My only visit to Germany up to this point had occurred during a flight and layover on my birthday, on the way to Morocco. I was pleasantly surprised by the generousness of the flight crew. We lit candles for Hanukkah in the smoking zone. That was it and clearly, that was not a very educational visit.

It was time to take the Germany that American Jews have been taught to boycott, to never forgive or forget, and to match that up face to face with the real Germany, as it is now.

We arrived in Dresden and were met by a staff of three 20 year-olds, part of a special program for American Jews called Germany Close Up. Together, they would introduce us to Dresden and Berlin, the present, as well as the past. What made this program special was that while it is for Jews, and there is a careful awareness of religious observation, it is not, as far as I'm concerned, a Jewish program.

Our time is Dresden was limited and we were waking up early tomorrow to ride to Berlin, but we took off soon after landing in the hotel for a tour of the city. I knew little about Dresden, and judging by the spontaneous recall of Slaughterhouse Five, I was really uninformed. All I knew was that the Americans firebombed the whole city in World War II. I was expecting to be shown significant places that had since been reconstructed.

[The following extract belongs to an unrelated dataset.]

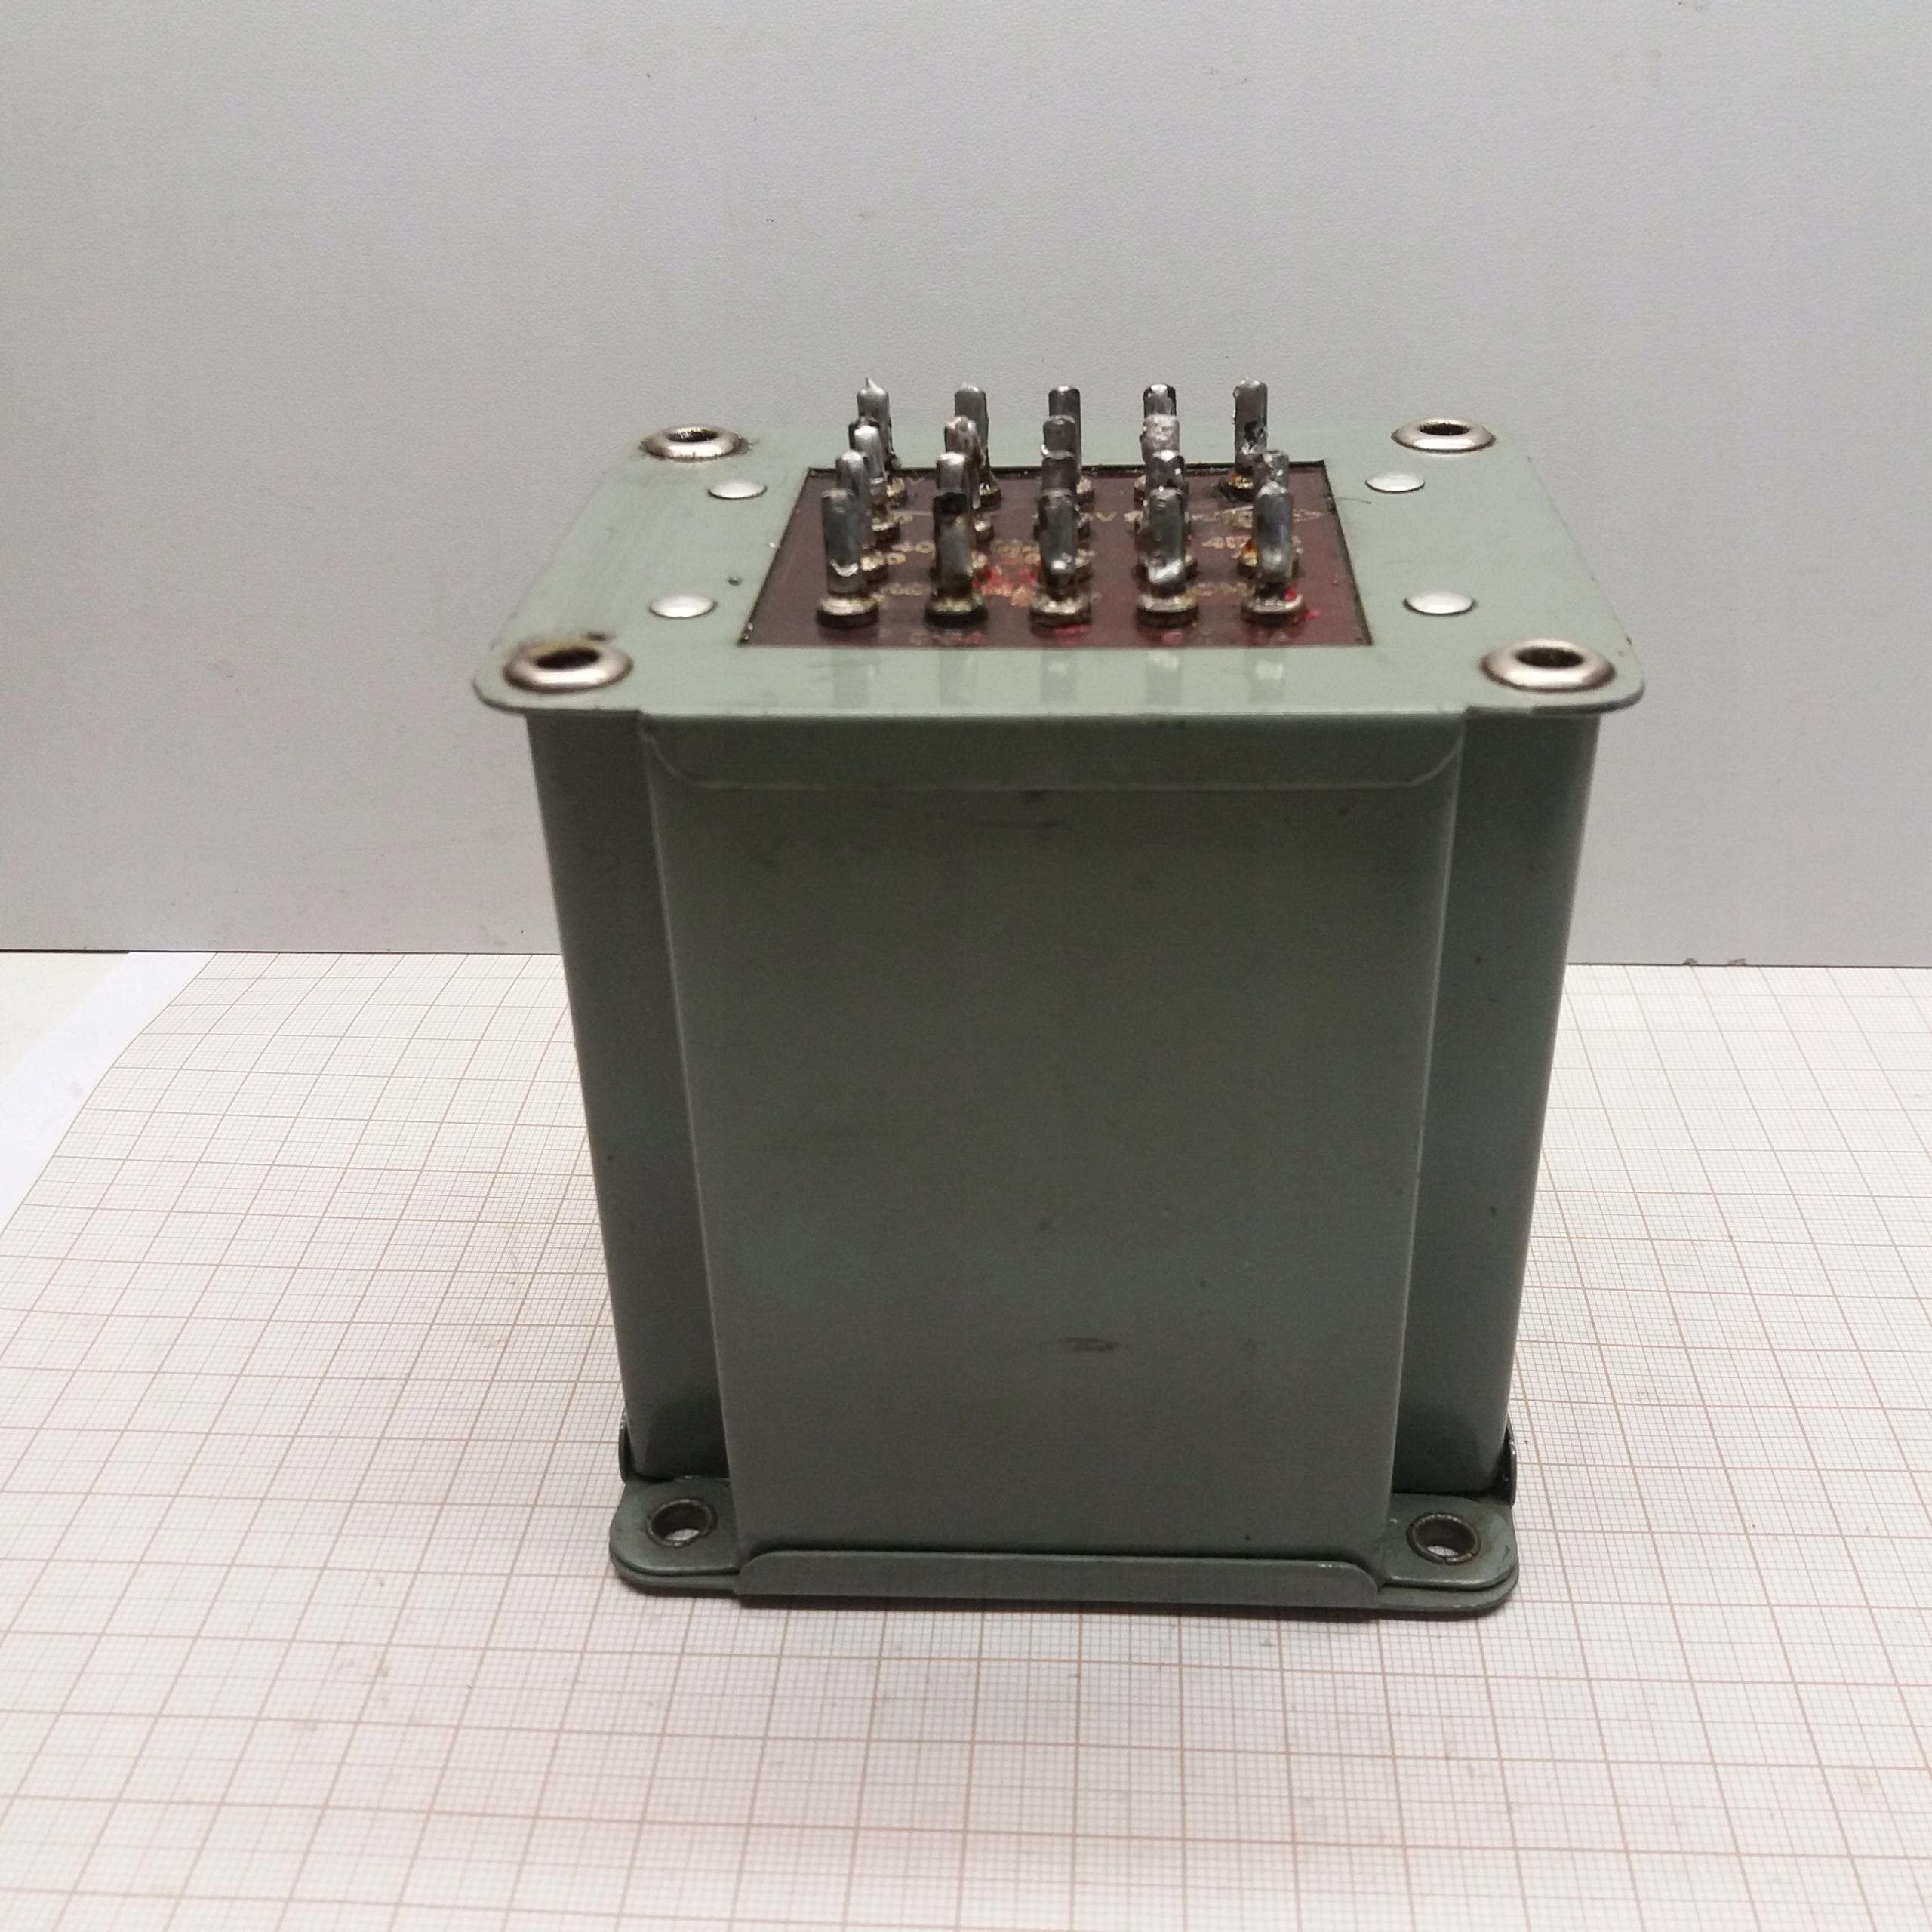 Transformator U1-220V U2-4x200V/40V/2x3,15V/6,3V

So when we passed by a monument with a menorah on it and arrived first at a Synagogue, I was pretty surprised. This place, the "Semper Synagogue," built by a famous German architect named Gottfried Semper (who has a statue nearby), was a century old before it was destroyed on Kristalnacht, or "the Night of Broken Glass." As our tour guide explained that the Jewish population of 5,000 was reduced to 100 during the War, she used the word שואה, Shoah, a Hebrew word meaning calamity, destruction, or annihilation, now used to define the Holocaust.

Wait.

A German tour guide is using Hebrew words to describe the Holocaust? What is this place? What has it become? And just how do Germans think about what happened here?

Pictures of Dresden


She went on to discuss the modern Jewish community in Dresden. Approximately 600 Jews, mostly Russian, have rebuilt the Synagogue. The architecture was done so as to twist the building and orient it to the east. It's now known as the New Synagogue, and next to it is the Jewish Community Center, and Cafe Schoschana.

We continued our walk around the city and the guide painted a picture of what Dresden used to look like, occasionally sharing pictures of buildings before the firebombing and comparing them to today's form. Dresden was the capital of Saxony, what is now a German state. We passed Churches that resembled Catholic cathedrals but were really Protestant, as well as the longest ceramic mural in the world, conveying the monarchical line of Saxony through the centuries.

The history lesson I never received was brief: the British attacked the city center on February 15th, 1945, and the U.S. came and bombed what was left. Dresden was targeted because it was one of the few German cities left untouched. The British were retaliating after the Germans bombed London. The citizens of Dresden were hopeful their city would survive because it was an art city, and the war was almost over, but on the night of the attack, 25-30,000 people died.

At one point on the walk, a student came up to the tour guide and apologized for the U.S. bombing of Dresden. She replied that it was Hitler's fault, not ours.

That night I enjoyed a nice dinner in a vegetarian (meaning that there was meat) restaurant, complete with a two page menu of hot chocolate and drinking chocolate! Some way to wrap up a day that began in Prague.

Willkommen in Deutschland. Tomorrow, me meet the Berliners.